If the latest headlines are taken into account, no two murders here are the same – from a Jolly Joseph who used cyanide as a spice and allegedly bumped off kith and kin in no particular order, to the ritualistic mumbo jumbo in an inconspicuous neighbourhood that led to at least two human sacrifices.
Then there are the stereotypes that we are brainy because we eat fish, that we have thick black curly hair because we drink coconut oil instead of water. It is alleged that Mallus are just everywhere; when Neil Armstrong landed on the moon, there was a Mallu selling tea right there! All Mallus are not nurses but all nurses are taken for Mallus. Our toddy shops and the shaap cuisine is legend too.
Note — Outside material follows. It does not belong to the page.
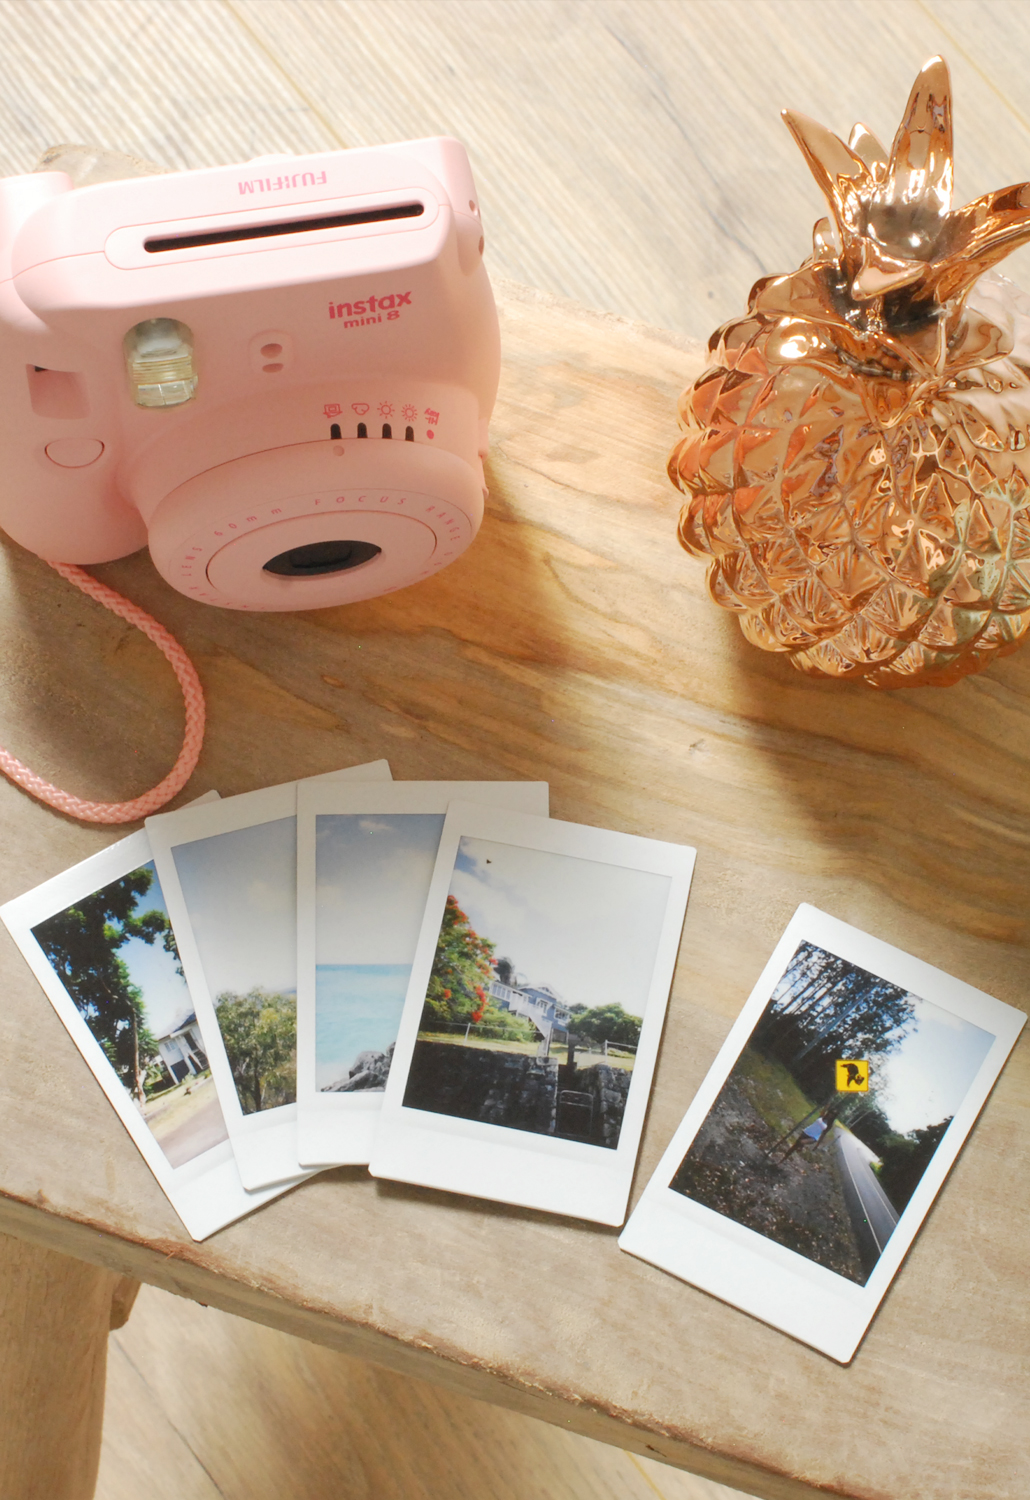 FujiFilm instax mini 8 instant camera pink lifestyle by linda

Now we come to another stock characteristic, but no less spectacular: are Keralites distinguishable purely by their names when compared to non-Keralites? Names here often sound like a random coming together of consonants, but we Mallus have taken it in our stride because, you see, we are cool that way.
Siblings could be arranged in a quick rhyming order: Shiji, Riji, Liji, Biji. Titus is called Titty for short and Baby is your bald middle-aged uncle. There’s bound to be Tenny and a Linny, a Bincy and a Lincy. Saji and Shaji abound as do Byju and Biju.
There was a time you could throw one letter of the alphabet at a healthy couple of reproductive age, like say a J, and you’d get babies called Jijo, Jiji, Jiju, Joji, Jomy in return. Those were the good old days of an entire generation named by combining their parents’ names – Renny + Luke = Ruke or Lenny. And these incomprehensible and sometimes unpronounceable names are worn around the neck in lockets of gold, which is the Mallu metal of choice.
In place of the ubiquitous Bittu or Pappu, Guddi or Dolly from the North, we flaunt many versions of ‘son’ or ‘daughter’ as legitimate names: Monu, Molu, Kunjumol, Kunjumon, Marykutty, Omanakuttan. An ‘aama’ at the end is routine, like Reetaama and Sallyaama. Molamma literally translates into daughter-mother. We also happily take surnames from other regions as first name, like Roy or Bose.
Remember to insert an H when you address our Seetha aur Geetha. And just in case you run into a Gifty, Blessy, Nicey or Smiley, please don’t act all judgmental because then we’d just have to call you Judgy.